Even though diesel prices are rising once again and Prime Minister Stephen Harper promised in 2008 to reduce the four-percent tax by 50 percent, it’s probably not going to happen.
"No one in the trucking industry is holding their breath," according to a post-budget statement from the CEO of the Canadian Trucking Alliance (CTA) David Bradley.
In fact, last year the CTA suggested that the government not reduce the tax, but instead earmark the revenue that would otherwise have been eliminated towards programs to help spur investment in new equipment by the industry as suggested in the CTA’s enviroTruck initiative.
"It appears we are back to where we were in 1984 and 1985, where the excise tax on diesel fuel serves no policy purpose other than to pay down the deficit," says Bradley.
"Not that paying down the deficit should not be a priority," he continues, "it is.
"But is it fair that it be done on the back of the commercial transportation industry, relying upon an archaic and regressive form of tax on our members’ primary business input at the same time as the industry needs to re-tool and is being challenged to reduce its GHG emissions?"
Yesterday’s budget did include several initiatives aimed at modernizing Canada’s ageing infrastructure:
$10 million to support the legal, financial and technical work for the proposed new Windsor-Detroit bridge; $50.5 million for capital improvements to the Jacques Cartier and Champlain bridges in Montreal; $175 million for Marine Atlantic; and $28 million for ferry services in Atlantic Canada.
Also, $87 million will be invested over two years to help the Canada Border Services Agency improve its information systems and scanning equipment.
And even though Flaherty promised further stimulus spending of nearly $20 billion by fully implementing the so-called “Economic Action Plan,” he also said the budget introduces a new era of restraint, or at least a slowing in the rate of government spending, particularly in national defence, foreign aid and government administration.
Flaherty plans to reach a “near budget-balance” within five years.
There are no major tax increases or decreases in the budget.
The government will not reverse its previous commitments to reducing corporate income tax rates to the lowest in the G7 by 2012.

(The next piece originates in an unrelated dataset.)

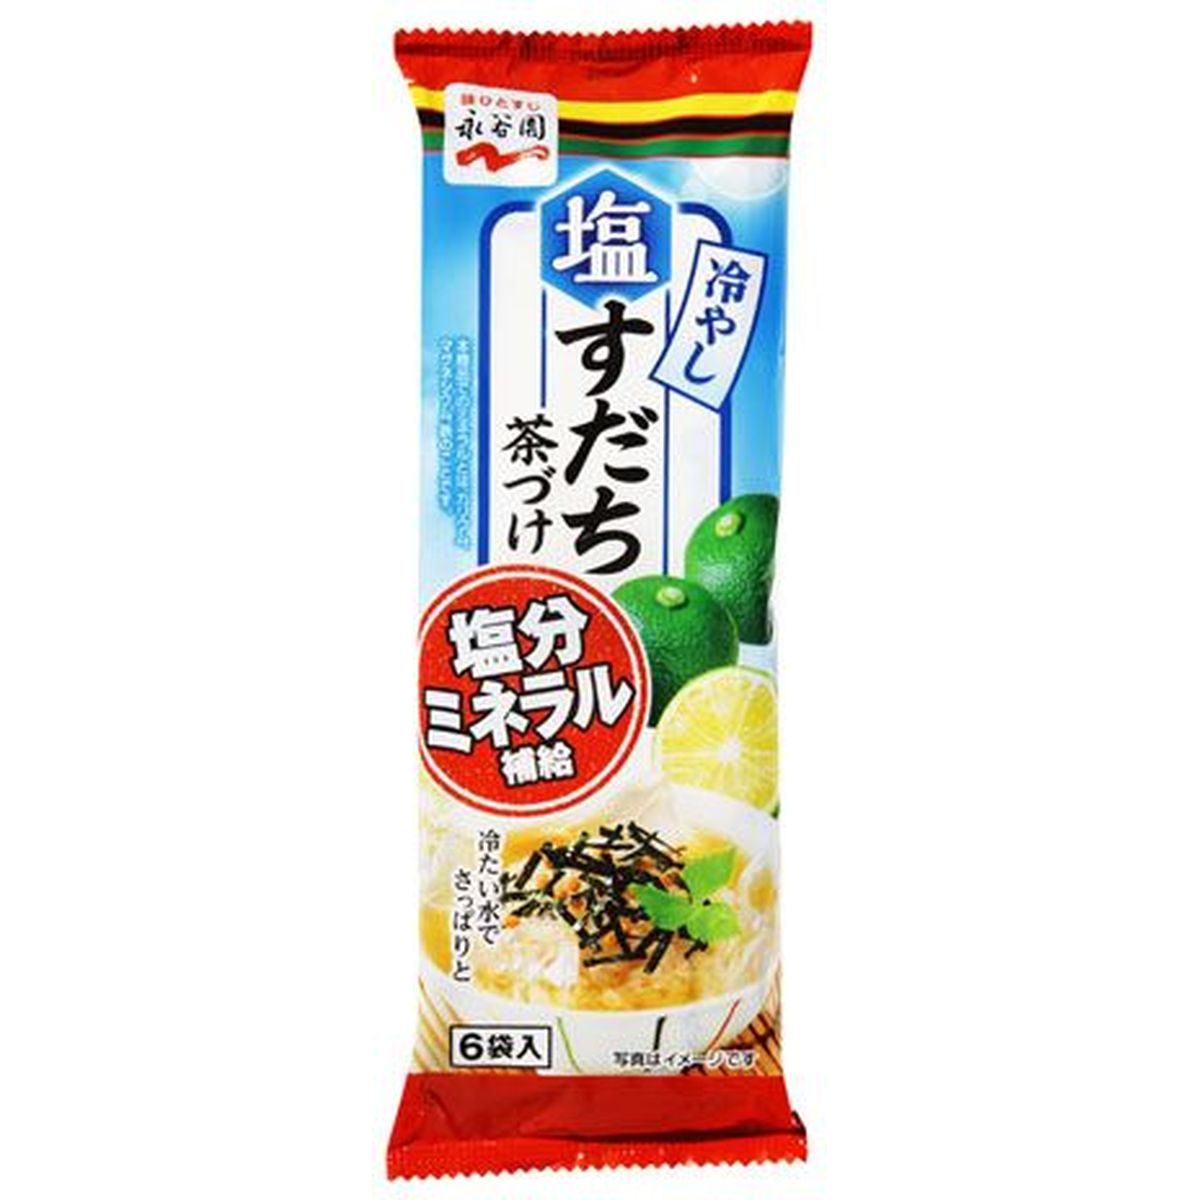 【10個入リ】永谷園 冷ヤシ塩スダチ茶ヅケ 33.6g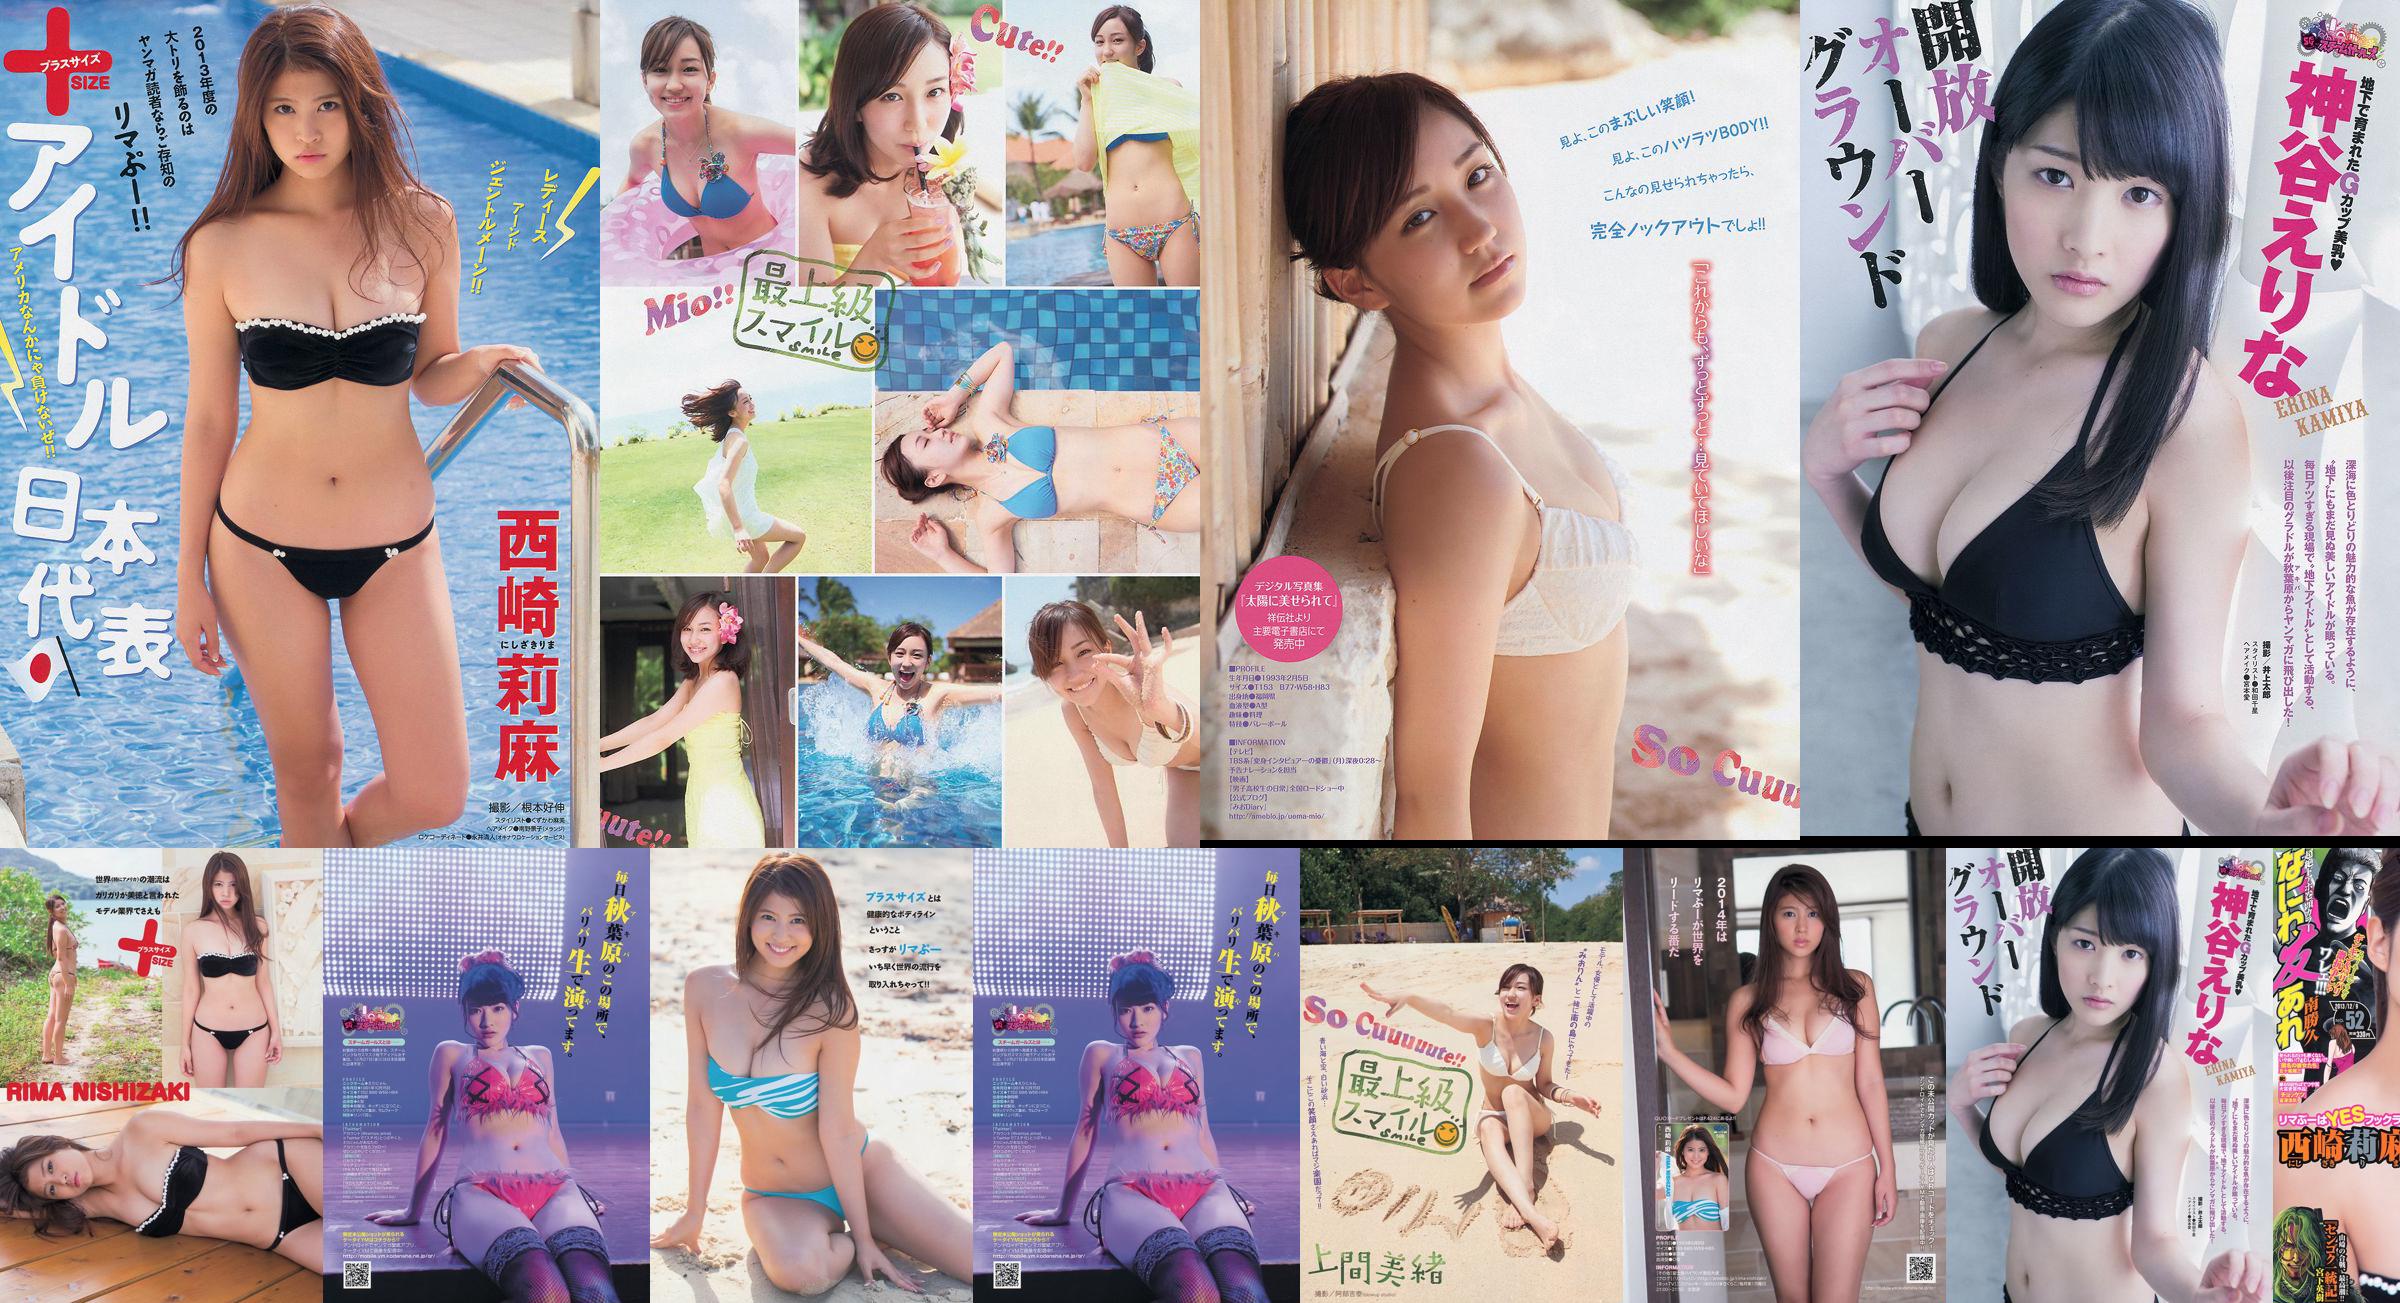 [Revista joven] Rima Nishizaki Mio Uema Erina Kamiya 2013 No.52 Photo Moshi No.9153bd Página 1

Some other sectors — including forestry, agriculture, small business, tourism, shipbuilding and culture — which were deemed to have been hard hit by the recession are in store for some modest support of $1.3 billion.
The Minister also announced further steps to reduce the paperwork burden on business, by establishing a commission of parliamentarians and private sector representatives to reduce red tape.